# New Tank: Soft Water to Hard Water?



## hanmasali (Nov 5, 2010)

Hi everyone! I have posted on this forum a long time ago with my old fish Axel, who unfortunately has passed on. However, I do have a new betta fish named Dobby. He has been living for about three months now in a 2 gallon filtered tank. Though, the filter started leaking and I tried cleaning it out to no avail. I finally broke down to buying Dobby a new 2.5 gallon tank. 

I used to use filtered water bought from the store by the gallon, then read online that it is not good for your fish. I filled his new tank with tap water then put in some water conditioner. I placed in one of my new Tetra Easy Strips and all of the readings come out normal for the new tank, except the water says "hard." His current tank he's in (I haven't moved him over yet) is "very soft" on the scale.
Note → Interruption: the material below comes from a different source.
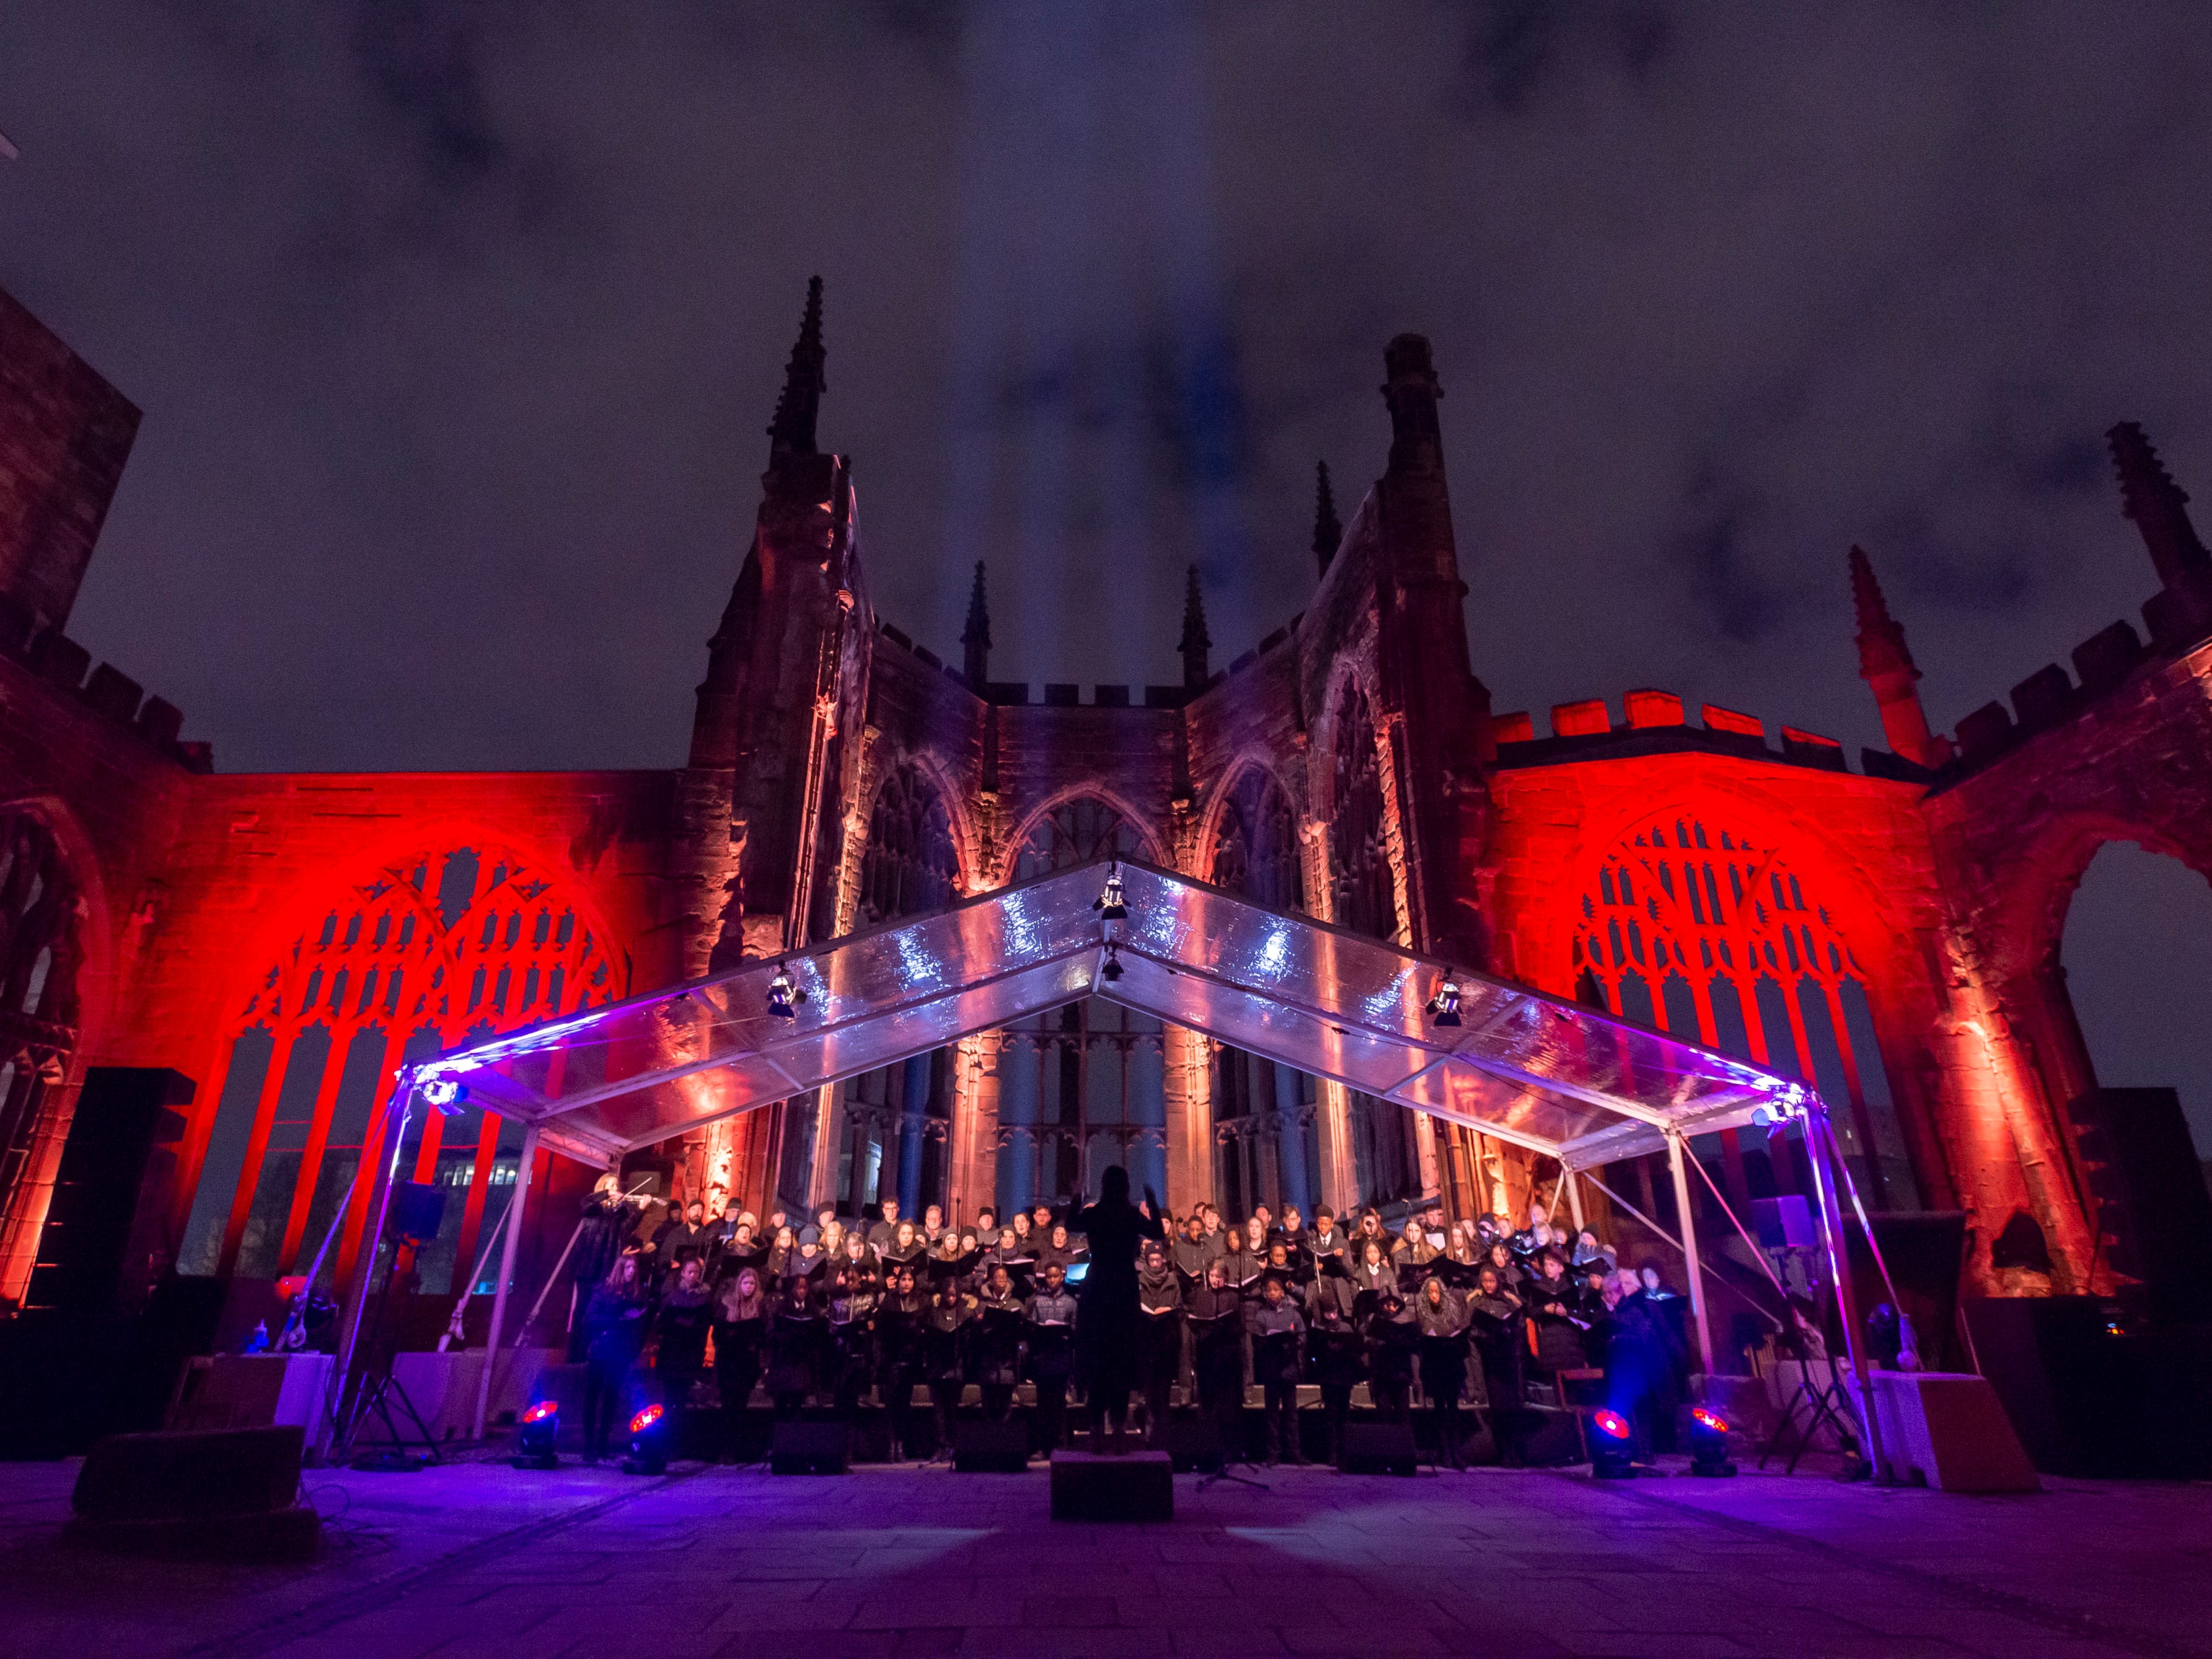 The choir performs during a Ghosts in the Ruins dress rehearsal at Coventry cathedral

I was wondering if it would be harmful to go ahead and make this dramatic shift over to the tank or should I do it little by little?

Any help is appreciated. Thank you!


----------



## Oldfishlady (Mar 1, 2010)

Welcome back....

Bettas will adjust/adapt to most source water hardness and pH, however, sudden changes can be deadly...to get your Betta changed over to the different source water hardness and pH....do a slow acclimation......depending on how different the KH/GH/pH between the two waters and this is best tested with liquid reagent type products to get exact numbers, however, even without the exact numbers you can still safely get them acclimated to the different source water....

You can either do a slow drip method with airline hose knotted and drip the new water....the Betta needs to be in a small container half full of their tank water and drip the new water in over 2-3 hours-dump half and repeat

Or

In this small container with the Betta half full with tank water...use a cup and start adding small amount of the new dechlorinated tank water over a period of time...watching the Betta for tolerance...if he seems to be doing okay...keep adding small amount of the water until full-over about 20 min or tolerance...dump half the water out and repeat...depending on how different the two waters and the Bettas tolerance...this can take from 20min to a couple of hours......

Keep us posted and would love to see some pics.....


----------



## masshiimarro (Apr 16, 2011)

well bettas are pretty versatile, but i would definitely acclimate him instead of just plopping him in the other tank. he should be fine, though bettas do prefer softer water. 
the water bought from the store is okay for our consumption, but for fish, it lacks many essential minerals since it was most likely taken out during filtering. i would just get a bucket of water from the tap, treat it with water conditioner, and let it stand overnight and it would be useable the next day. the reason you let it stand overnight is to get rid of the harmful substances such as chlorine or hard metals. 
hope this helps


----------



## hanmasali (Nov 5, 2010)

Sure thing. I will definitely try to get some up here in the next couple of days once he is in his new tank.

I think you again Oldfishlady for your help. I believe you helped me before when Axel had pop eye. Your tips were extremely helpful and cured him of it.


----------



## hanmasali (Nov 5, 2010)

Thanks Masshiimarro. I will keep all of that in mind. I have him in his little half gallon tank for the time being though. Can't have him in a leaky tank, can I? That's why I wanted to move him over as quick as I can.

I don't know why I didn't mention that in my first post. XD It's one of those days I suppose. Plus I am pet sitting my friends iguana. He's roaming around my room now actually.


----------



## Oldfishlady (Mar 1, 2010)

masshiimarro said:


> i would just get a bucket of water from the tap, treat it with water conditioner, and let it stand overnight and it would be useable the next day. the reason you let it stand overnight is to get rid of the harmful substances such as chlorine or hard metals.
> hope this helps


Aging water will rid it of chlorine only..... but it will not rid it of chloramine or heavy metals ....best to always use a dechlorinator with tap water for the full volume of the tank and not just for the volume of the replacement water with partial water changes.....check the label since some dechlorinator require double dose when you also have chloramine in your tap water.....the water is safe to use immediately once you add the dechlorinator....


----------